Histopathology showed a lesion measuring 5×4cm and cut surfaces had a uniform lobular white appearance. Microscopically, the tumour consisted of well-circumscribed nests of basaloid cells separated by a vascular connective tissue stroma containing occasional ducts, consistent with diagnosis of sialoblastoma.
Salivary gland tumours are rare in childhood and account for 3-5% of all salivary gland tumours occurring in children.1 Congenital salivary epithelial tumours are characterized by some as medical curiosities, due to their rarity. In 1966, Vawter and Tefft reported two cases in neonates and used the term embryoma to describe them.1 Since then a variety of names have been used to describe the histologically similar or identical tumours. In 1988, Taylor suggested the term sialoblastoma to describe these lesions because it conveyed the dysontogenetic character and the site of the tumour in a single name.3 For epithelial neoplasms there is an increasing incidence over the first 20 years. Most are found in children who are between 10-20 years of age, the first decade being a relatively spared time. The majority of the cases of sialoblastoma described in literature belong to antenatal or perinatal age, but this tumour is extremely rare in first decade of life. As a result, the latter neoplasms pose problems in diagnosis and management.

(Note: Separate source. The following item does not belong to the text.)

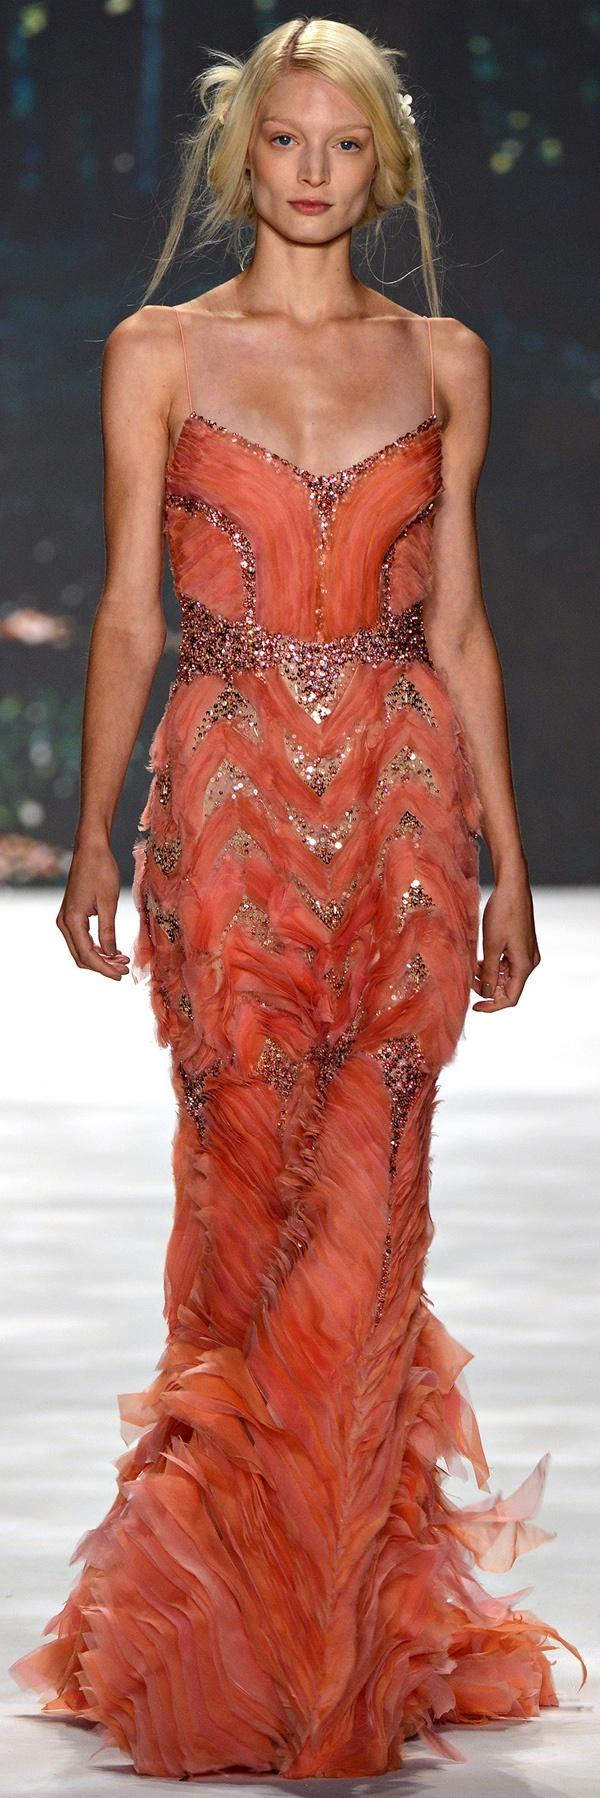 #Badgley Mischka Spring Summer 2013 Ready-To-Wear collection
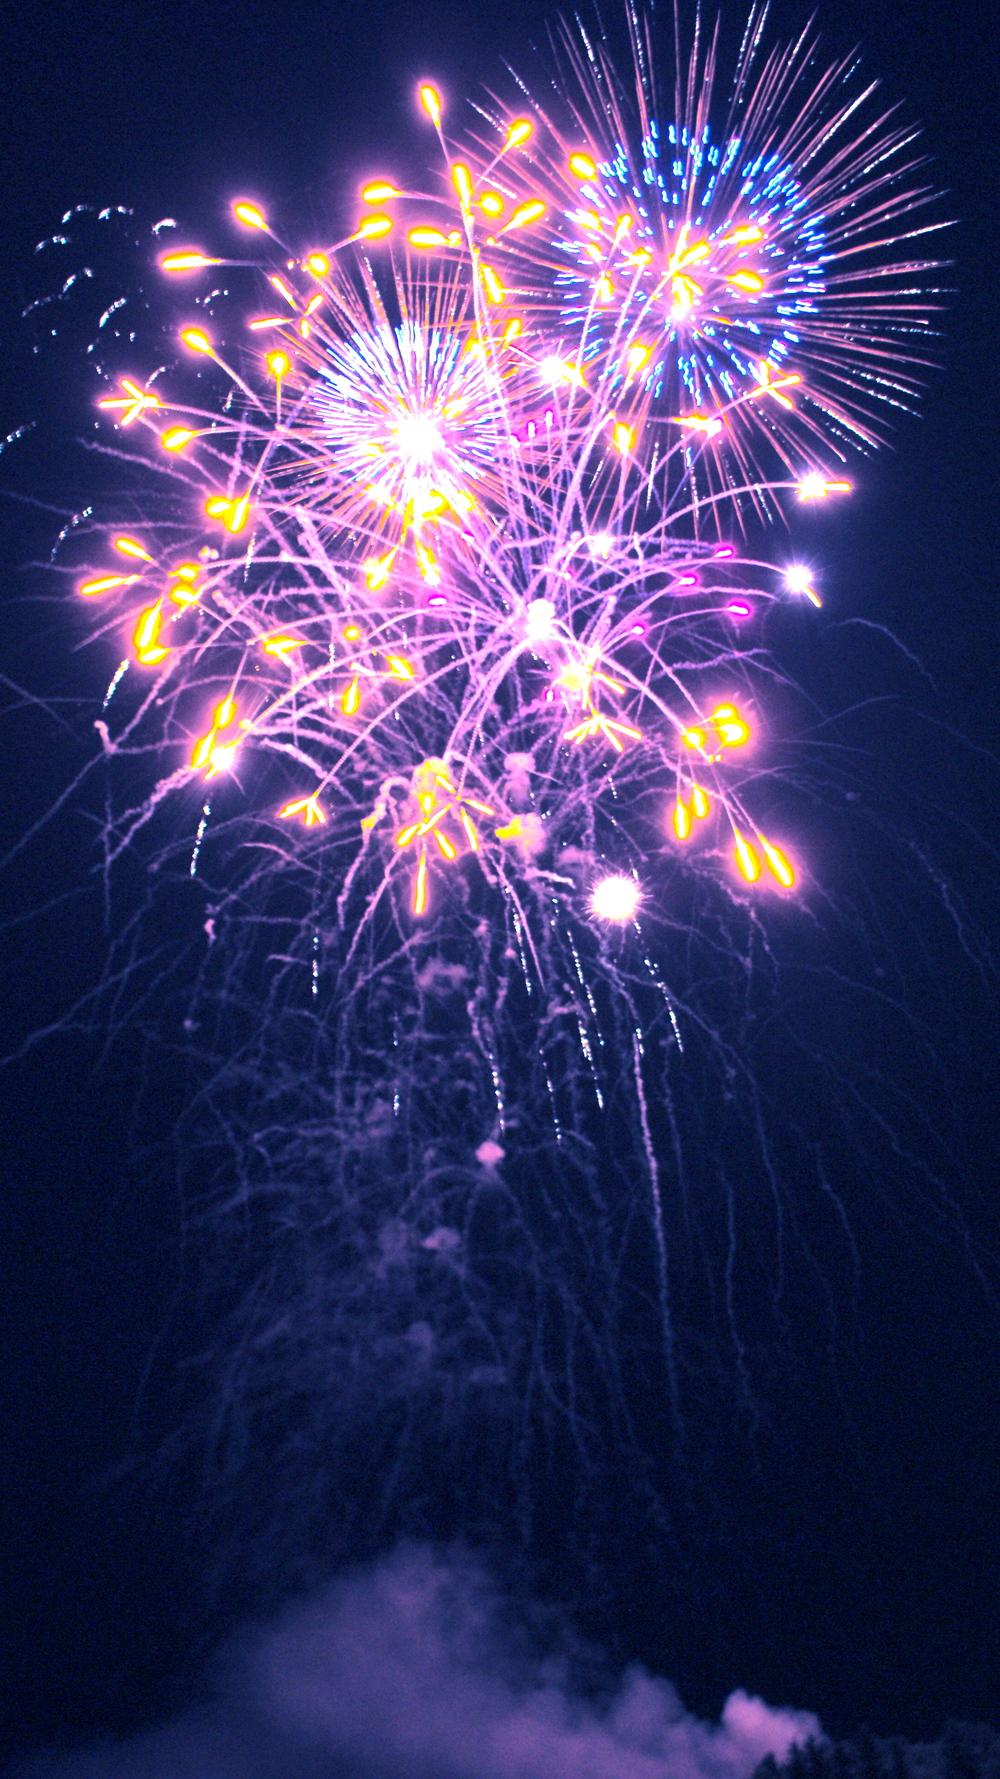 Fireworks in Kenora, Ontario, Canada Day 2012

Although rare, pediatric epithelial salivary gland neoplasms have several distinctive features. All have been found in the major salivary glands, mostly in the parotids, the submandibular gland being the more uncommon site.2 MRI scan is the investigation of choice for sialoblastoma. It manifests as a soft-tissue mass on MRI, which can also detect the involvement of the deep lobe and invasion to the adjacent muscles or bone.4 The distinction between benign and malignant sialoblatomas may not be as well defined as was thought originally. Review of the limited number of reported cases reveals that local recurrence is the main concern. Of 24 reported cases, local recurrence has been documented in at least five patients.5 Some authors propose that sialoblastomas should be regarded as neither benign nor malignant but as one single disease with local infiltrative potential.4 Based on this concept, surgery alone remains the treatment of choice for sialoblastomas, provided that free margins are obtained.5 In our case, complete resection was carried out by superficial parotidectomy. Radiation therapy may be considered if the lesions are not completely resectable, but the adverse effects of radiotherapy may be undesirable for growing facial structures.6 Chemotherapy may be chosen when the tumour is not completely resectable or in cases of recurrent tumour.6
From this case report and review of relevant literature, the following facts need special mention:
Sialoblastoma, a rare tumour of salivary glands, should also be kept in the differential diagnosis of the childhood salivary gland tumours.
These tumours are locally aggressive, rarely metastasize and wide surgical excision remains the treatment of choice for them, without irradiation or chemotherapy.